◆ DIRECTIONS: Nothing outside the lines below from the one containing "1/16 Agco Allis" through the one containing "Green Opaline Lamp - 3" is to be printed; print those exactly, ends included, and drop the pictures.

◆ AVAILABLE RECORDS:
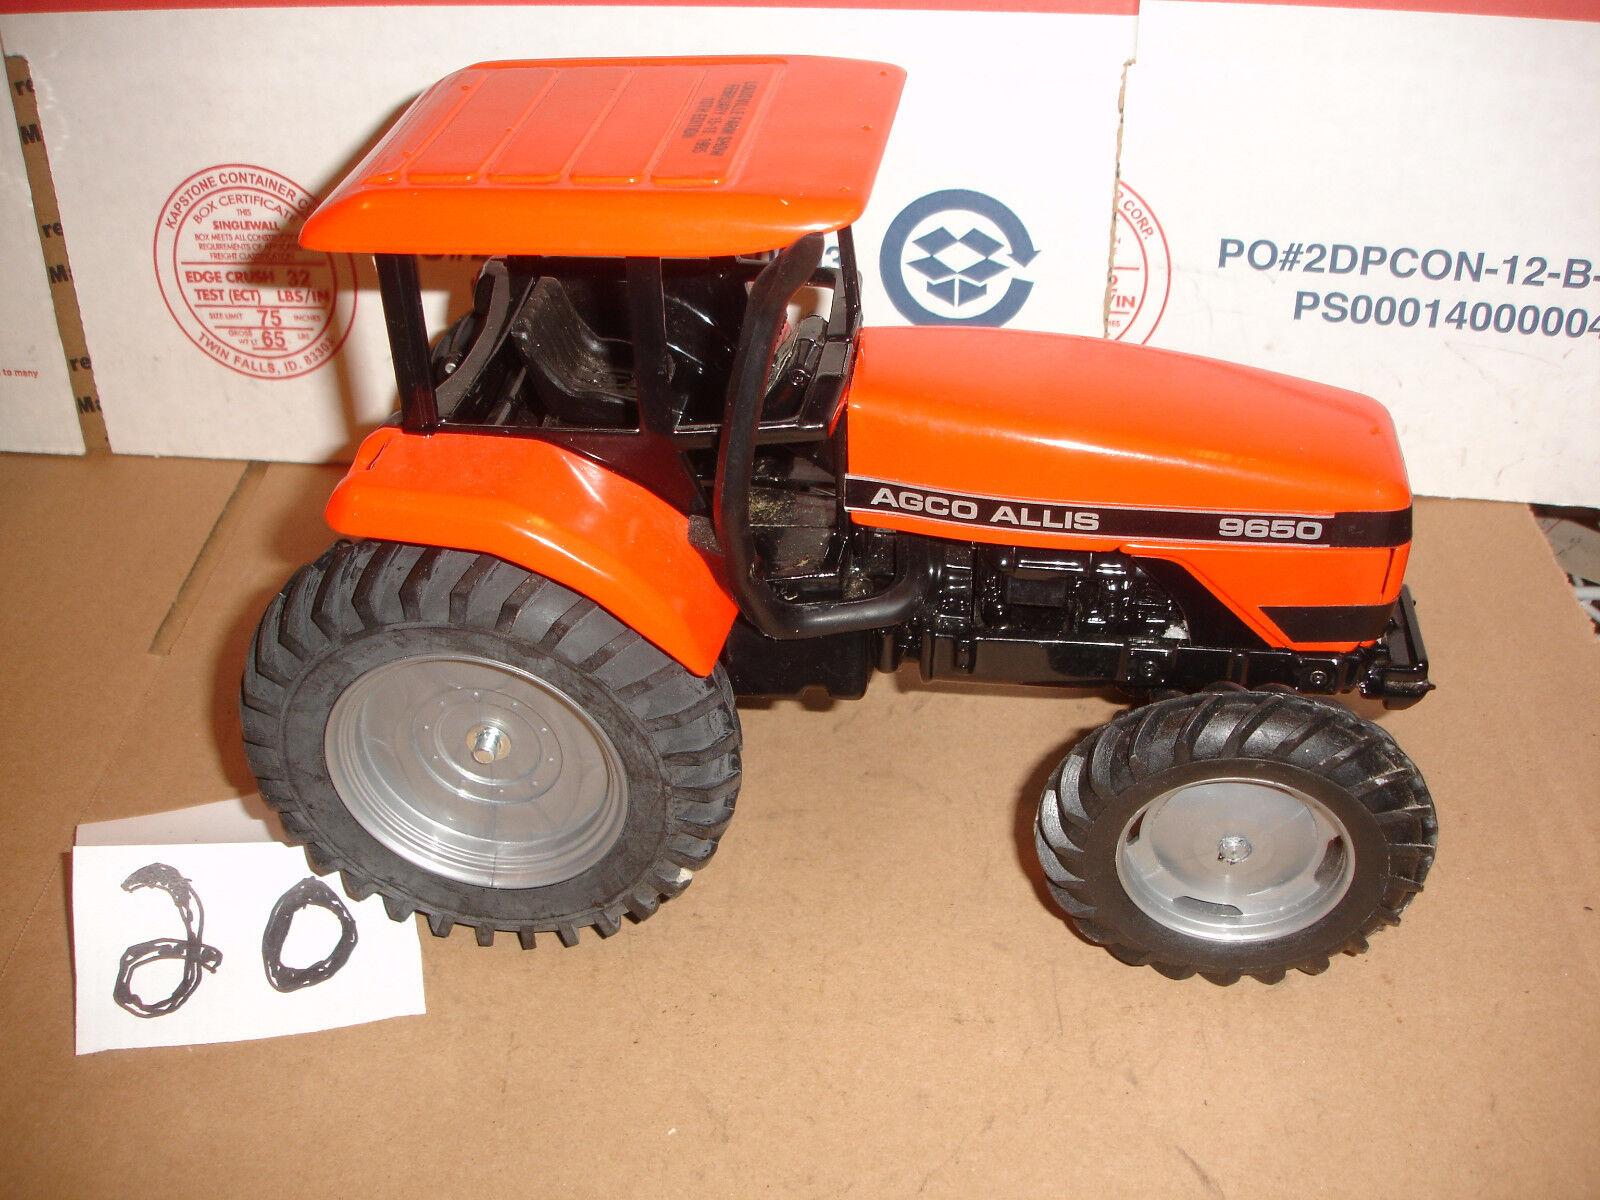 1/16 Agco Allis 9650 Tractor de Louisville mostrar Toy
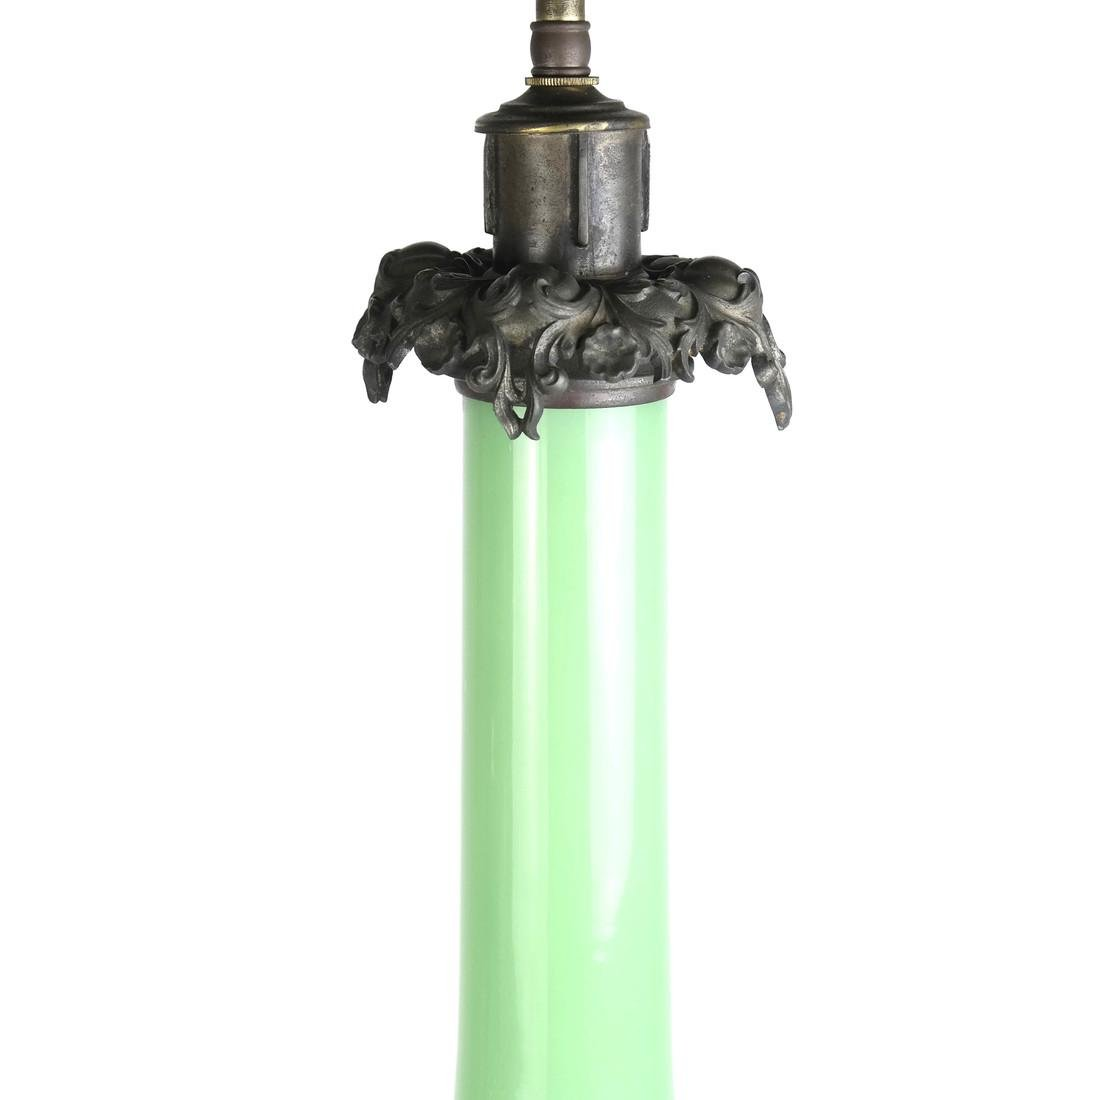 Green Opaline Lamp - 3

...

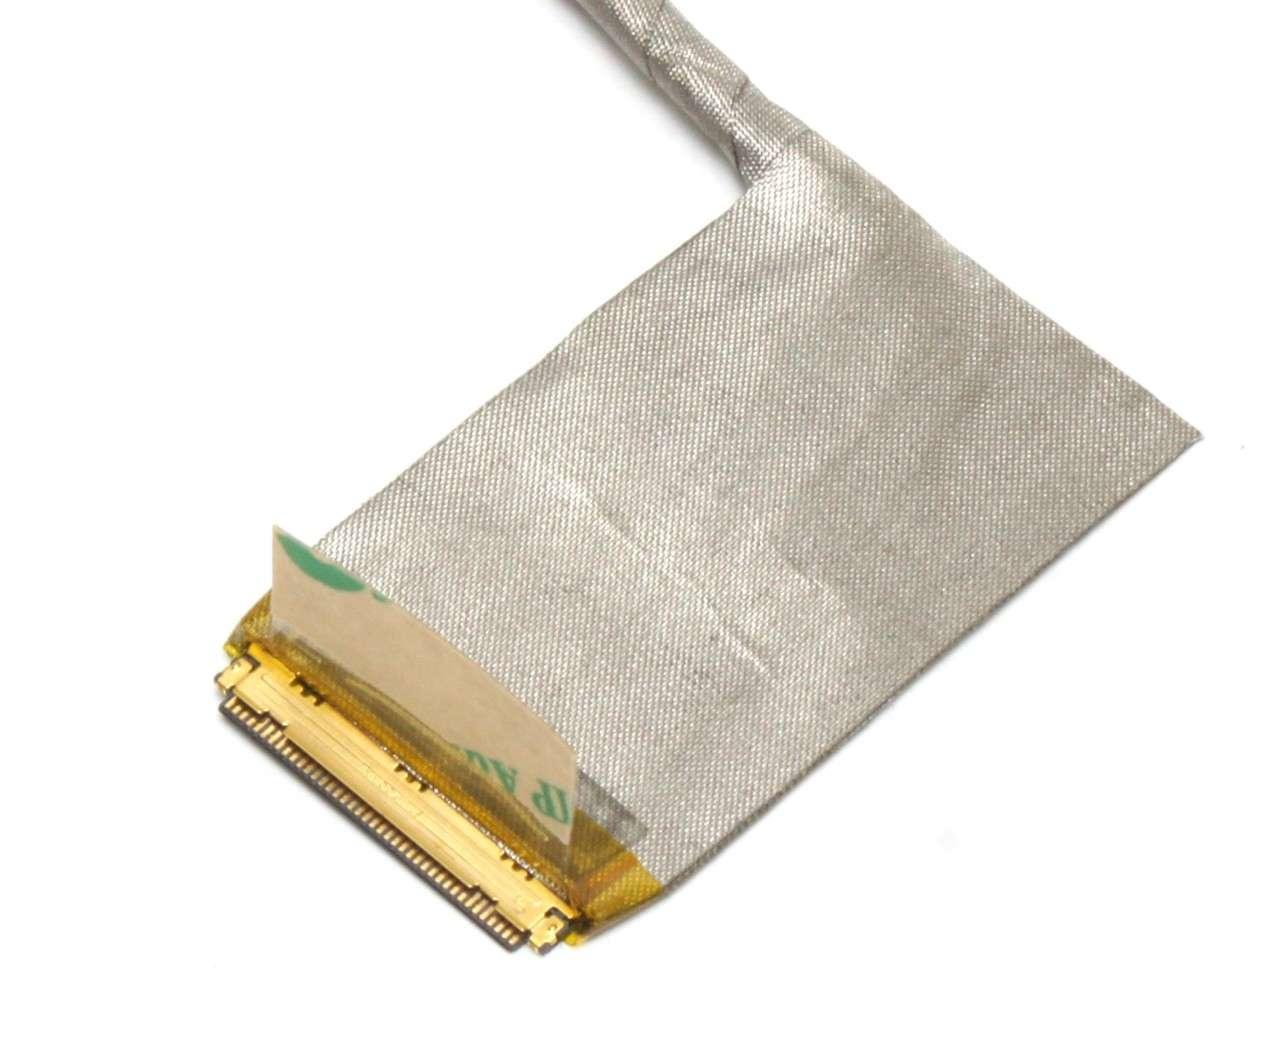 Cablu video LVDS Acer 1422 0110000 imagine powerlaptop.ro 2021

--

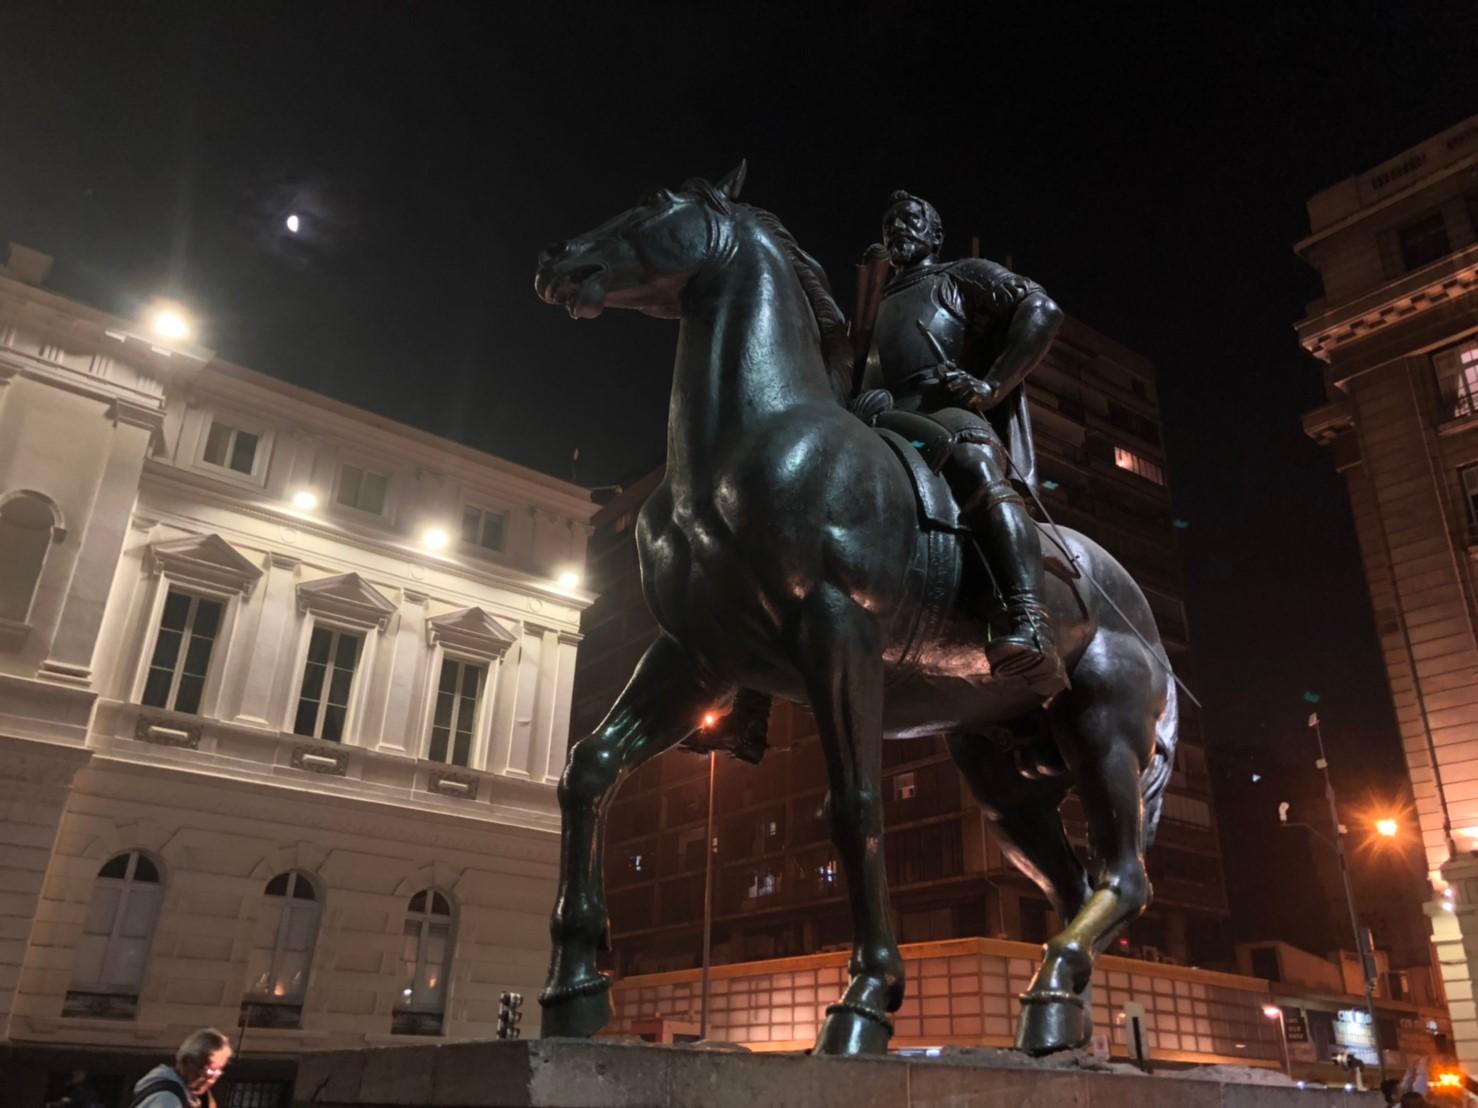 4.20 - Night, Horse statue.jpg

◆ SOLUTION:
 1/16 Agco Allis 9650 Tractor de Louisville mostrar Toy
 Green Opaline Lamp - 3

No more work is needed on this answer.